Okay, I see. I'm actually getting a runtime error with this example now,
which I didn't have before, so perhaps something changed in a recent
update? For example, if Test_barcode.txt just consists of
AAAAAAAAAA,1
GAAAAAAAAA,2
then when I run
bartender_single_com -f Test_barcode.txt -o Test -c 1
I get the output:
Running bartender
Loading barcodes from the file
It takes 00:00:00 to load the barcodes from Test3_barcode.txt
Start to clustering barcode with length 10
Using two sample unpooled test
transforming the barcodes into clusters
Initial number of unique reads: 2
The distance threshold is 2
Clustering iteration 1
terminate called after throwing an instance of 'std::runtime_error'
what(): The seed position is larger than the barcode length!
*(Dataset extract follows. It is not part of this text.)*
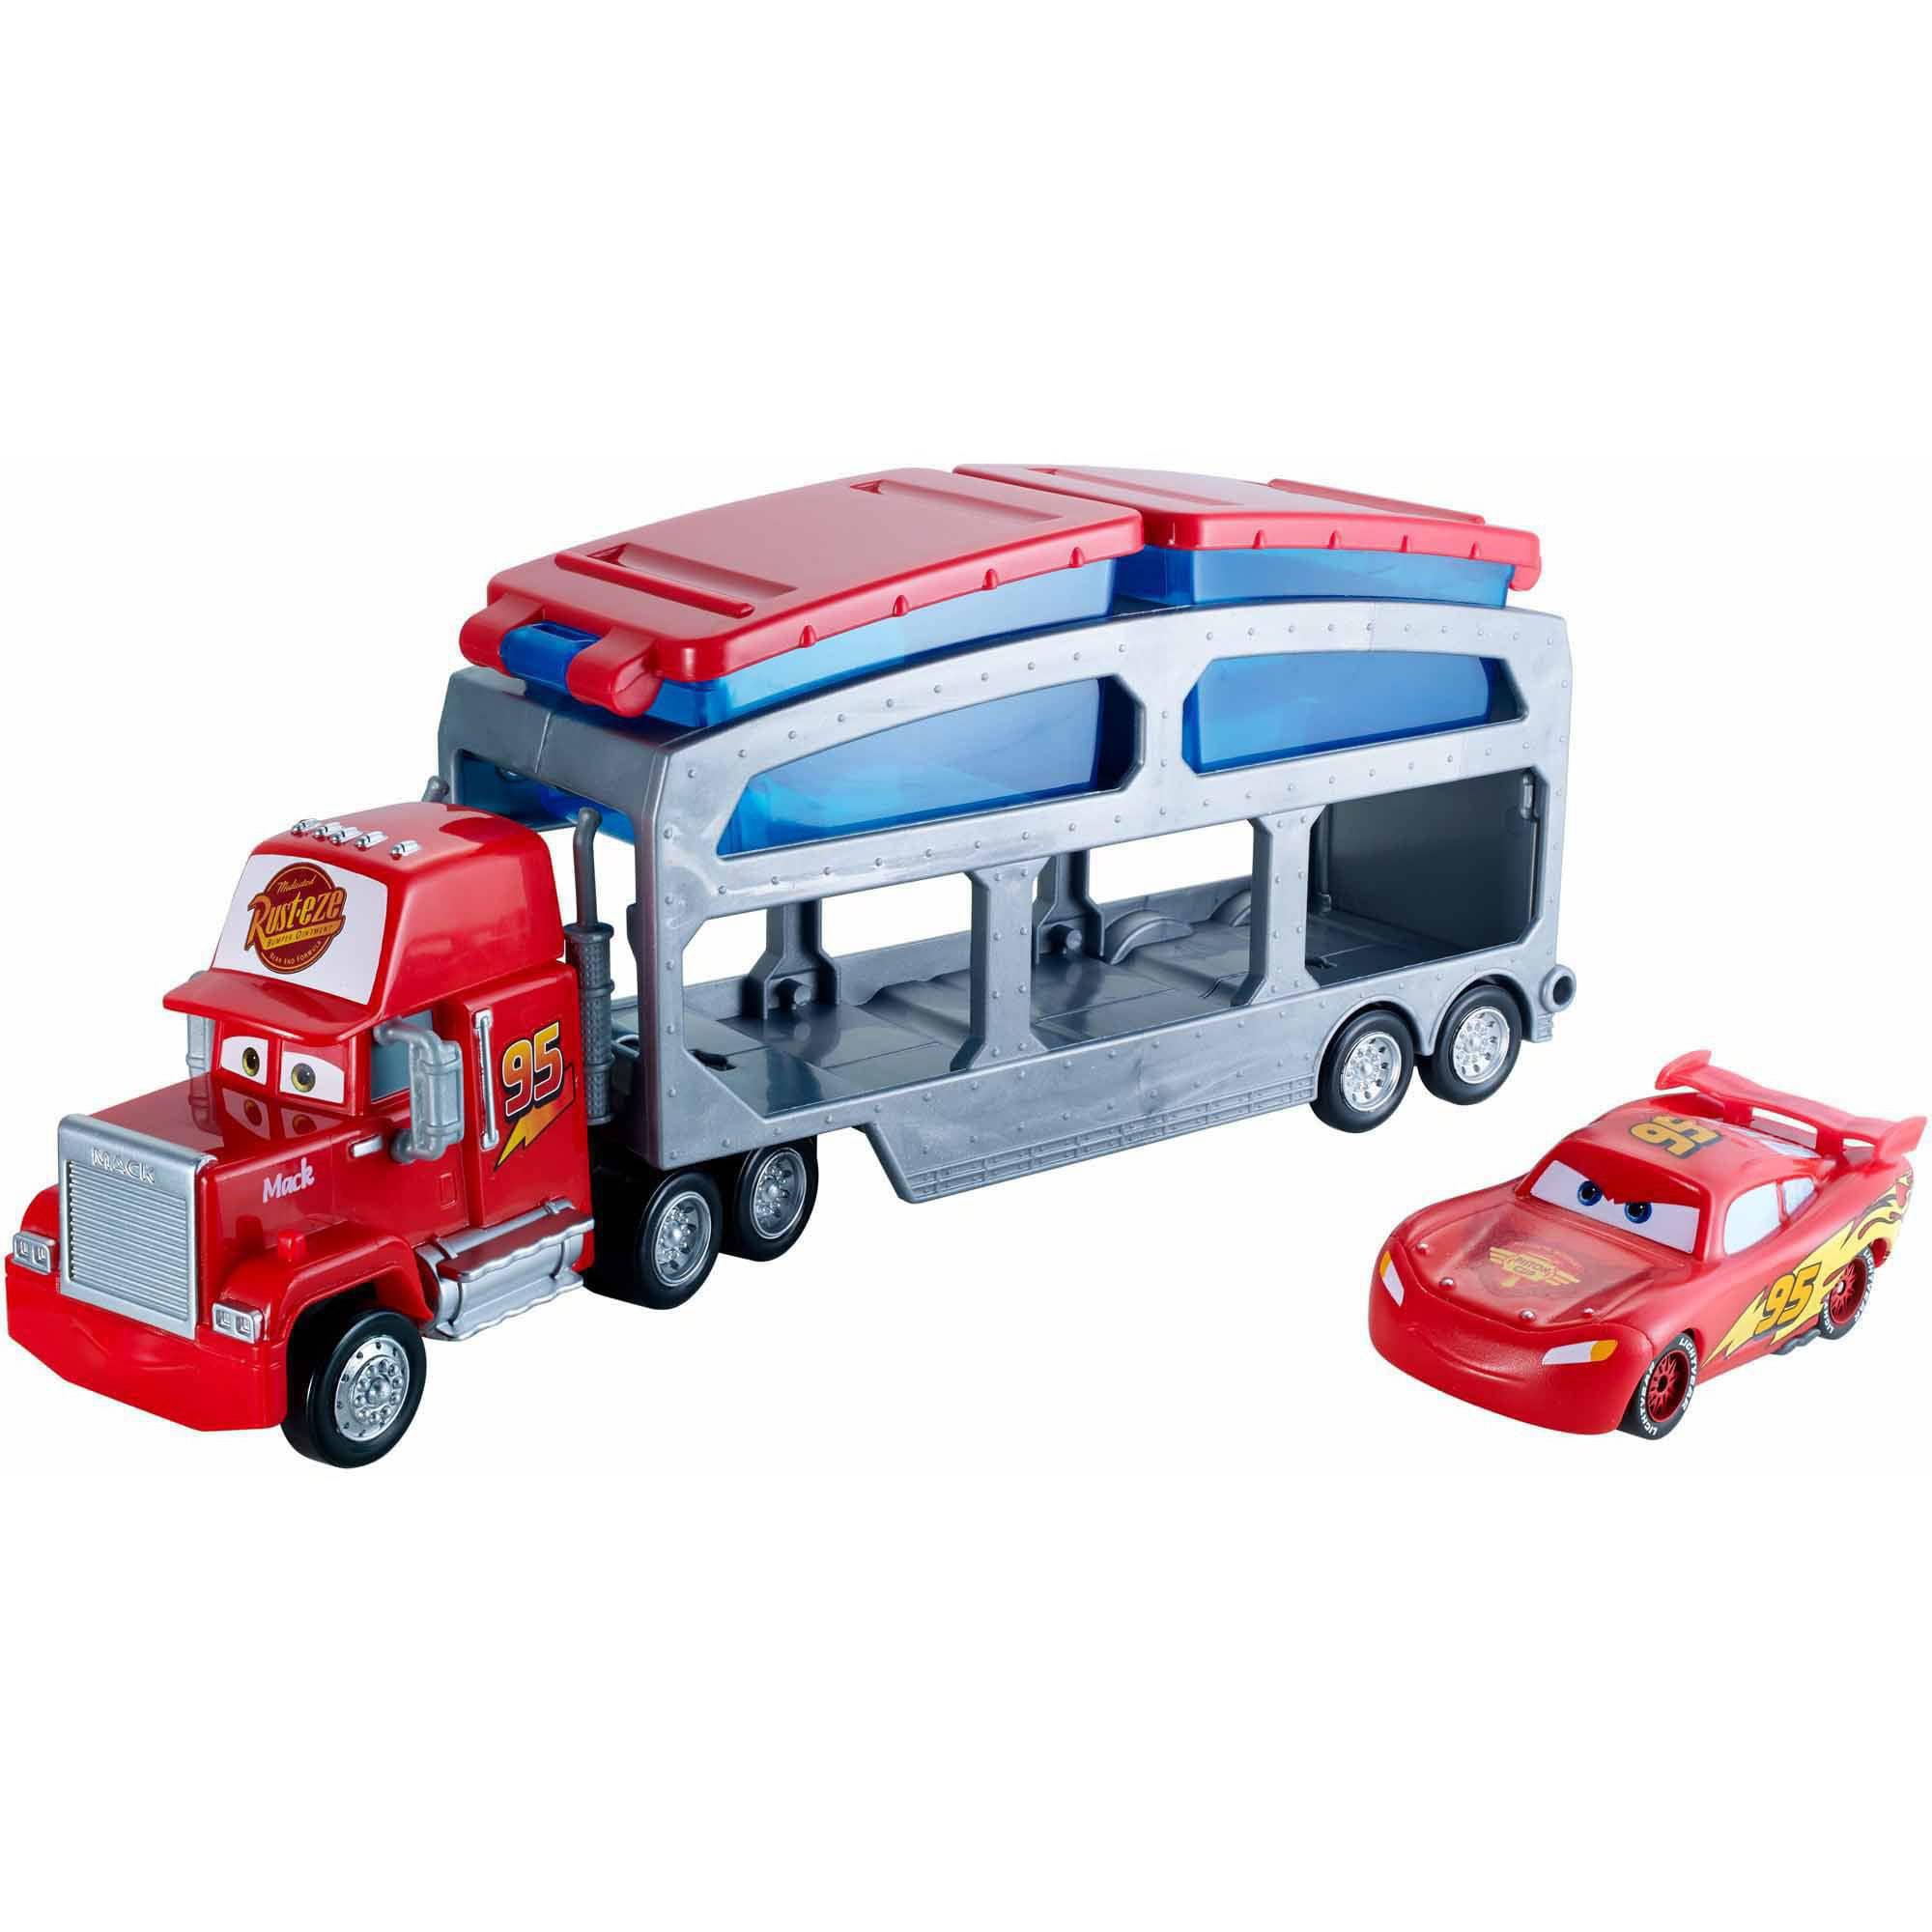 Disney/Pixar Cars Mack Dip And Dunk Trailer - Walmart.com
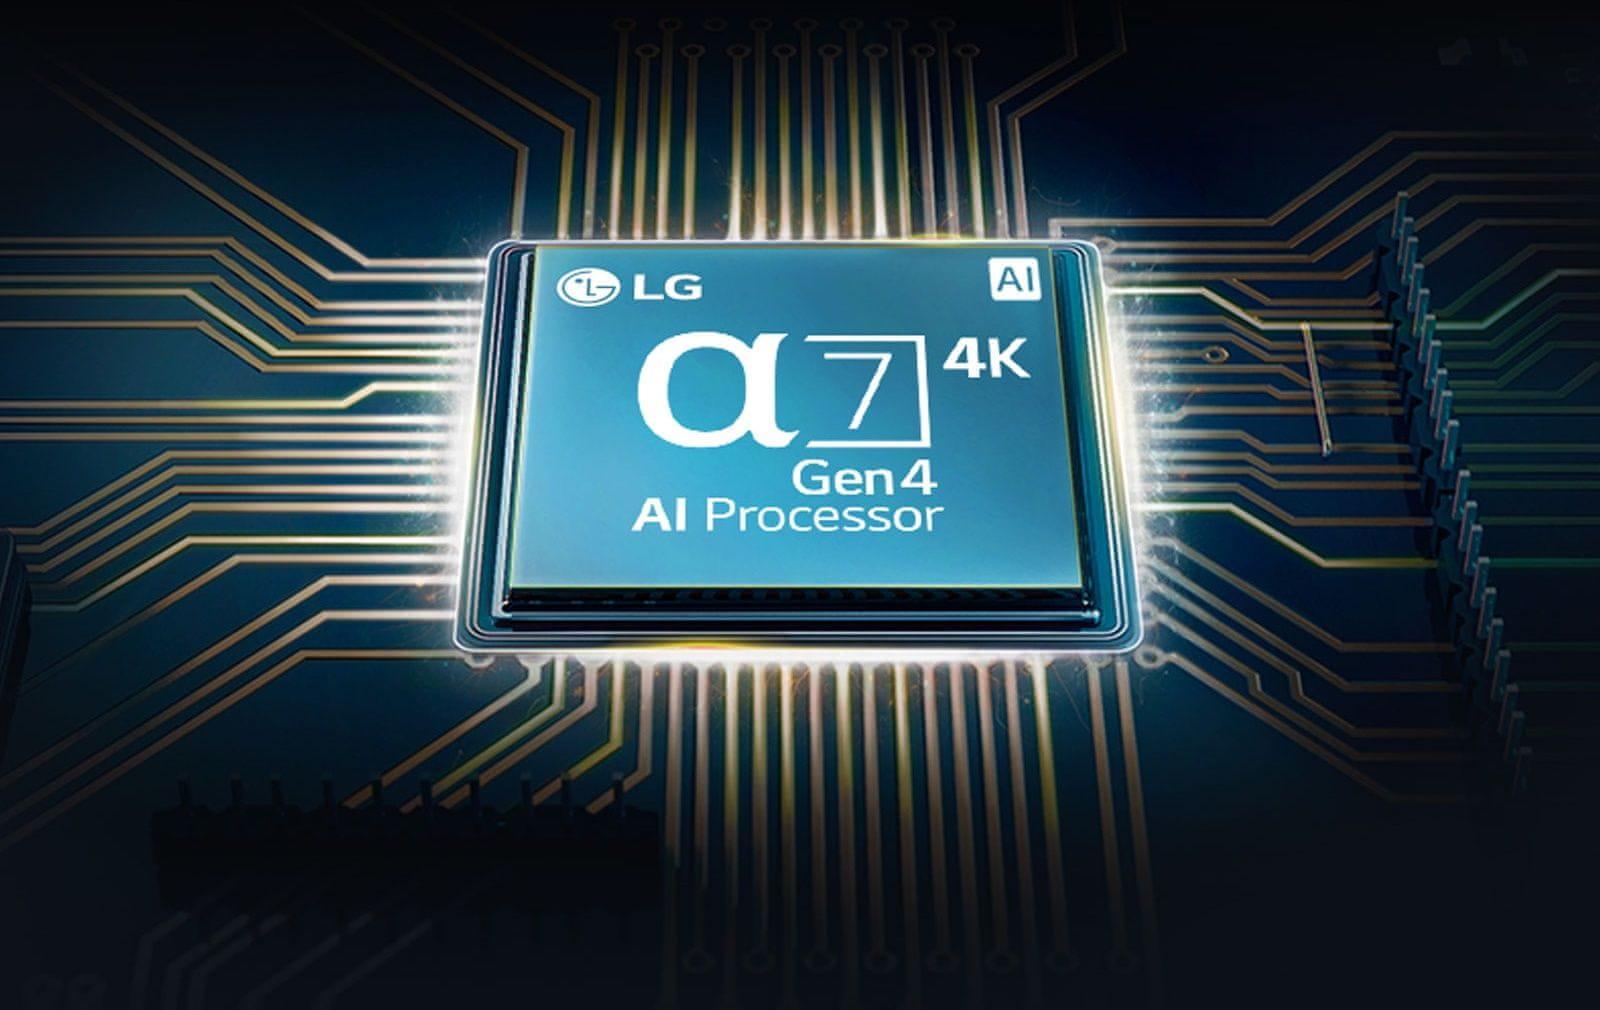 LG TV televízor OLED 4K 2021 procesor α7 4K Gen4 AI

On Friday, July 28, 2017 at 9:22:04 PM UTC-4, 赵路 wrote:
Hi Michael,
It is expected. This two sequences will never be compared and merged because there is only on seed position (the first bp). Bartender first distributes sequences into different bins and merge sequences within each bin. These two sequences will be put in 2 different bins by this only seed bp. Literally AAAAAAAAAA will be put in the first bin and GAAAAAAAAA will be the in the third bin. And bartender finishes the clustering step after this as it already went through all seed positions. Bartender is not a general string clustering algorithm but is designed to solve barseq data with large barcode library and sufficient sequencing depth.
Hope it helps.
Best,
Lu
Hi Lu,
Thanks for checking with regard to the reverse complements. I also have a question about clustering, which is confusing me in
the following simple example. I created a barcode file with 1200
barcodes that are exactly the same ("AAAAAAAAAA") and one that is a
single mismatch away ("GAAAAAAAAA"). I would expect that single
mismatched barcode to be clustered in with the others, but it remains a
separate cluster, even when I set -z -1, which I thought would make
cluster merging decisions based on Hamming distance only. Do you know
what is happening here?
Many thanks,
Michael